### The task
Copy every line of the data in which the word "Größe" occurs.

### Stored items
☆ ☆ ☆

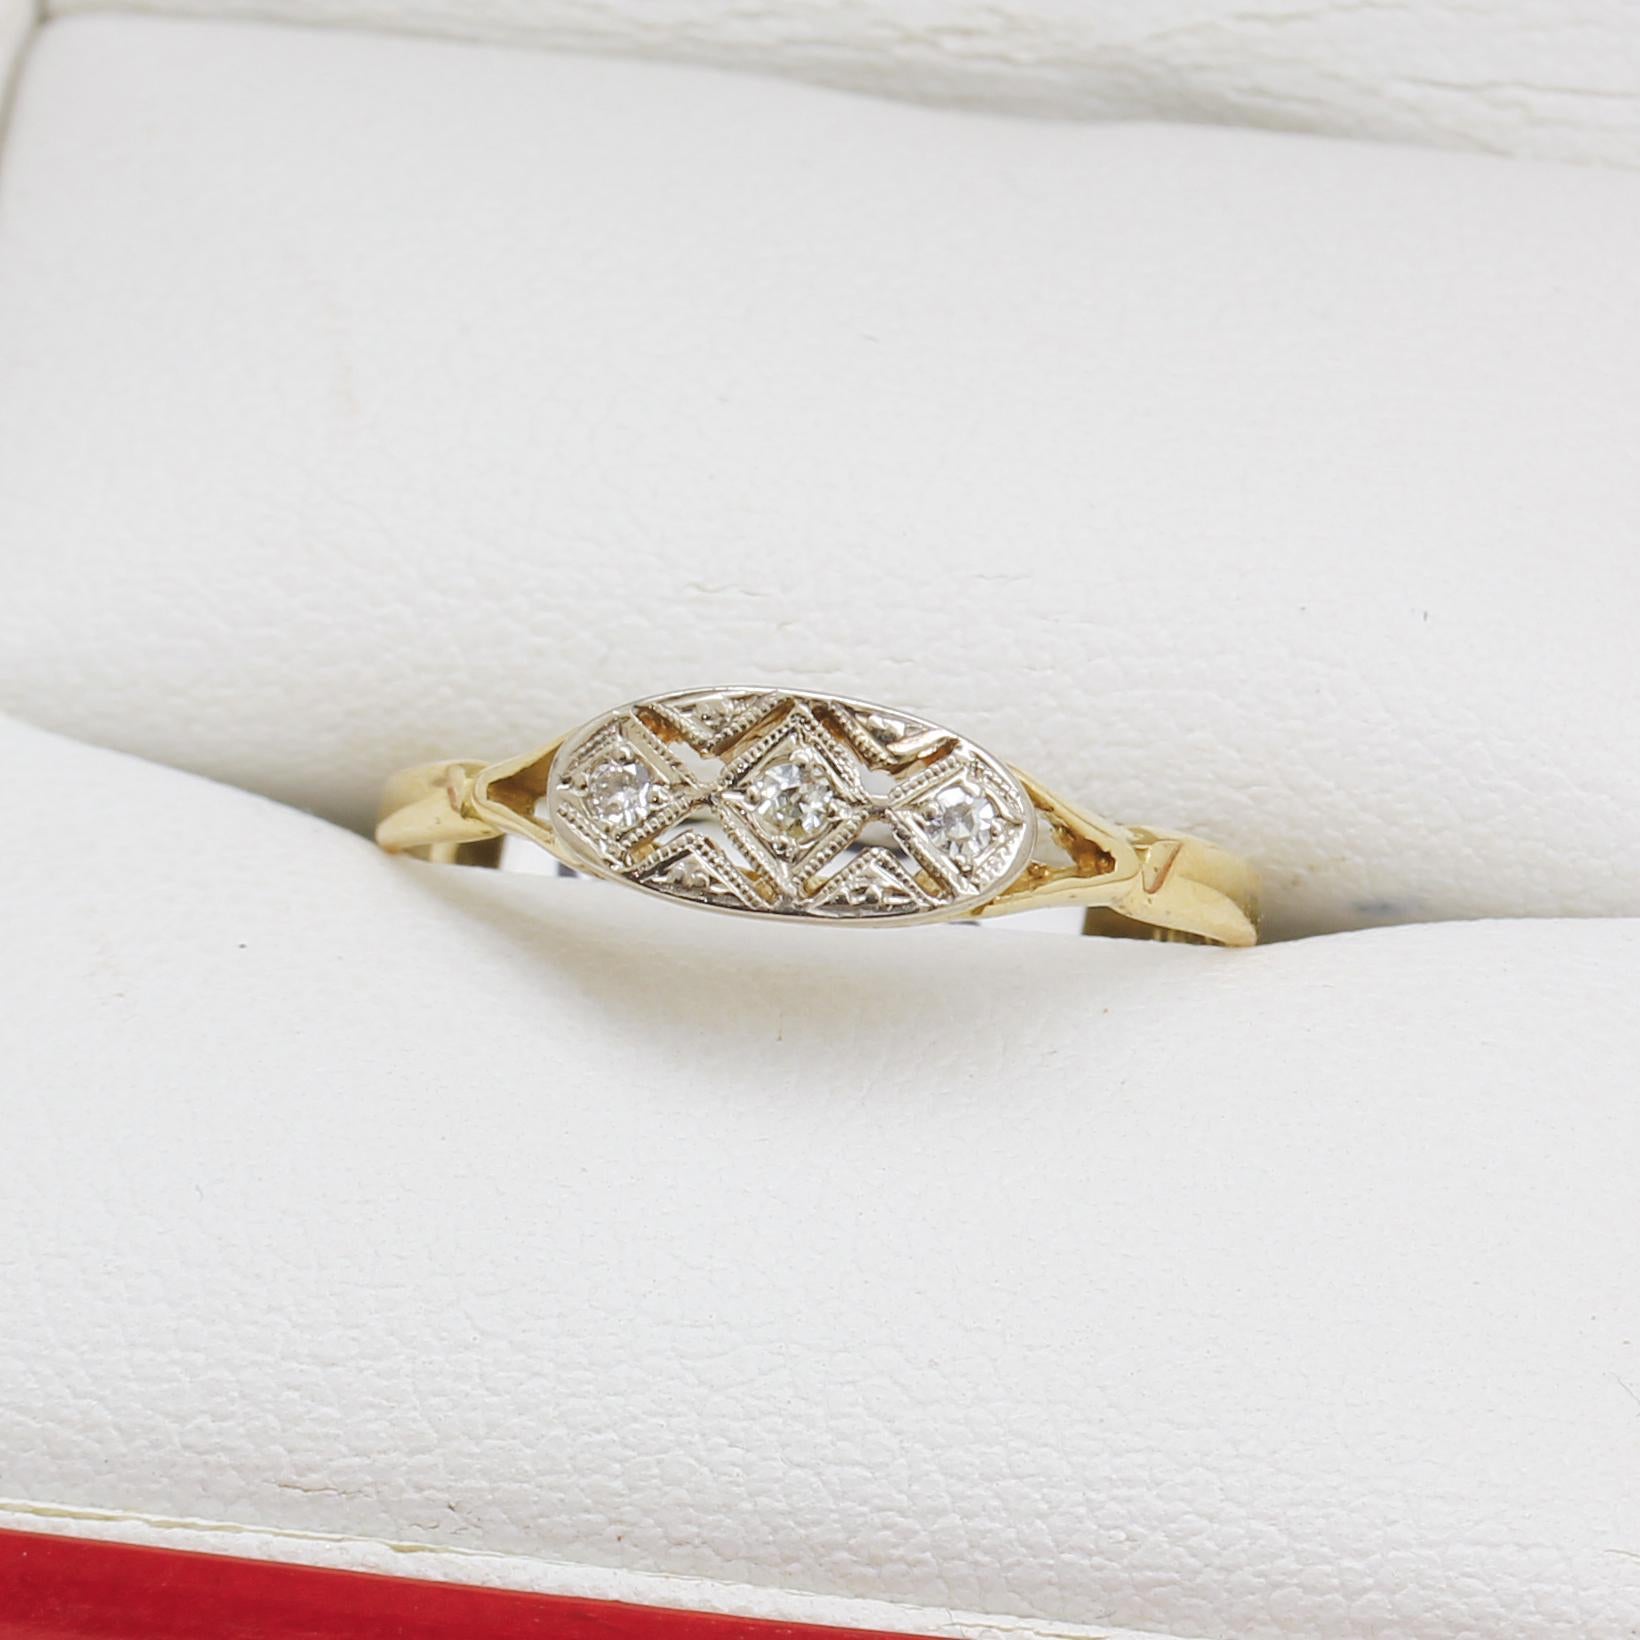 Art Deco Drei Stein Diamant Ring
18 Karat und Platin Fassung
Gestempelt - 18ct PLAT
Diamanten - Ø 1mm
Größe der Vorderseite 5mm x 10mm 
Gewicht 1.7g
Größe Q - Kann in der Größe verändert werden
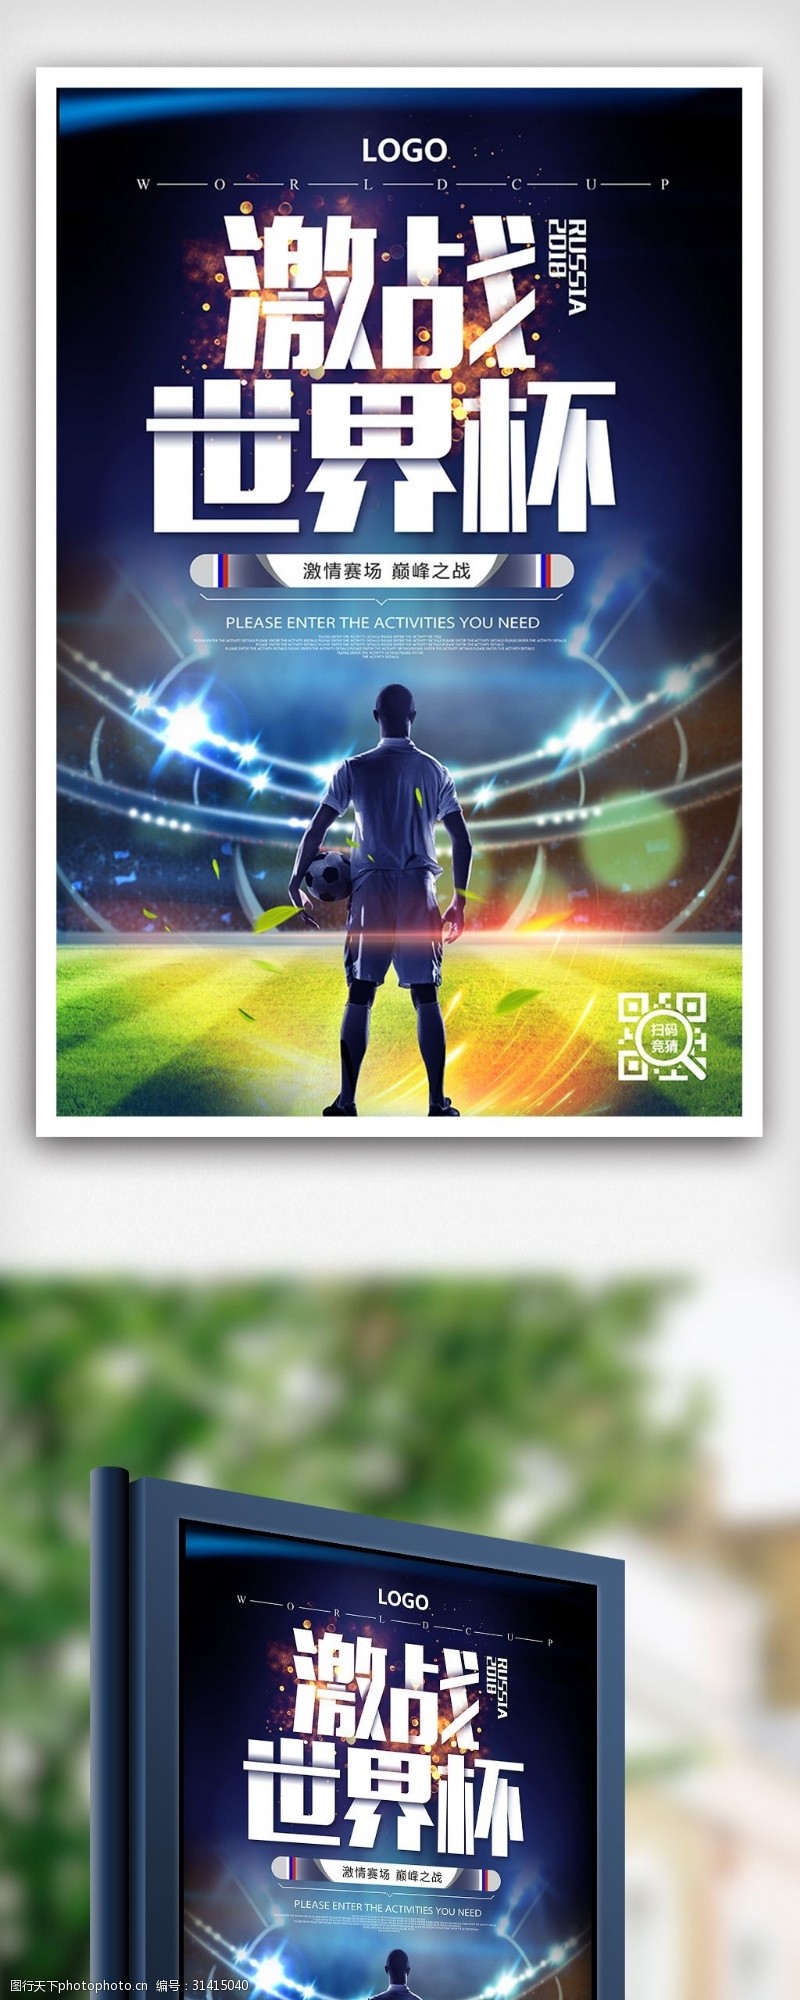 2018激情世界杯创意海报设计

☆ ☆ ☆

### Solution to the exercise
Größe der Vorderseite 5mm x 10mm 
Größe Q - Kann in der Größe verändert werden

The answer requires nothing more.